__WORK ORDER__:
The expected response consists solely of the lines from the line with "My little pony" through the last line of the material below, copied exactly.

__ENTRIES SUPPLIED__:

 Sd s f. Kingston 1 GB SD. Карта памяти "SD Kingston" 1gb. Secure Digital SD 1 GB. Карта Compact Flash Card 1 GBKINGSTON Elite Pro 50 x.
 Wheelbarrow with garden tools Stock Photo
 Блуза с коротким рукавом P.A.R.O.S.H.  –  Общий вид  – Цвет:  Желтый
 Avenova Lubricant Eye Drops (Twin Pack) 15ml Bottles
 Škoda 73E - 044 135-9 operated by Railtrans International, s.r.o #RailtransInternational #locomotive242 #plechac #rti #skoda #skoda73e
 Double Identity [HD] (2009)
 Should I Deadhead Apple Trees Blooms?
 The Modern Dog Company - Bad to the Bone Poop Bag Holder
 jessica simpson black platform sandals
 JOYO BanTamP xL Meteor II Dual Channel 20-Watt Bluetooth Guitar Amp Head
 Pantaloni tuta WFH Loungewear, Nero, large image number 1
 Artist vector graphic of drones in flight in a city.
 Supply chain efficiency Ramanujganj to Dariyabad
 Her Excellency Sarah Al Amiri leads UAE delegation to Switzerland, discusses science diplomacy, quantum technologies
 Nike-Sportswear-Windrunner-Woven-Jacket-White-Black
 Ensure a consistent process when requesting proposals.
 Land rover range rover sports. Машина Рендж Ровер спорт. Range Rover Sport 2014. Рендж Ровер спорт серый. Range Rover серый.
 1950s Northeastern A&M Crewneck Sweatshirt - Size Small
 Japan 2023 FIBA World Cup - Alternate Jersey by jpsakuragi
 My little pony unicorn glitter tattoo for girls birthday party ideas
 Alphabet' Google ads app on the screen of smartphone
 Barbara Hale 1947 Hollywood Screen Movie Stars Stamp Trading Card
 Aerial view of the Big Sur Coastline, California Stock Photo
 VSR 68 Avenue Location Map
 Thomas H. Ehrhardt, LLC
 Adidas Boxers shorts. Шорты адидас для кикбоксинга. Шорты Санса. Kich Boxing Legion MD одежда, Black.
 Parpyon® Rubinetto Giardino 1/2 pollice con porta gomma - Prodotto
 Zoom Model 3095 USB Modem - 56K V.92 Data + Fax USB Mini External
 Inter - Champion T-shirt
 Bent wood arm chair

__OUTPUT FOR THIS TASK__:
 My little pony unicorn glitter tattoo for girls birthday party ideas
 Alphabet' Google ads app on the screen of smartphone
 Barbara Hale 1947 Hollywood Screen Movie Stars Stamp Trading Card
 Aerial view of the Big Sur Coastline, California Stock Photo
 VSR 68 Avenue Location Map
 Thomas H. Ehrhardt, LLC
 Adidas Boxers shorts. Шорты адидас для кикбоксинга. Шорты Санса. Kich Boxing Legion MD одежда, Black.
 Parpyon® Rubinetto Giardino 1/2 pollice con porta gomma - Prodotto
 Zoom Model 3095 USB Modem - 56K V.92 Data + Fax USB Mini External
 Inter - Champion T-shirt
 Bent wood arm chair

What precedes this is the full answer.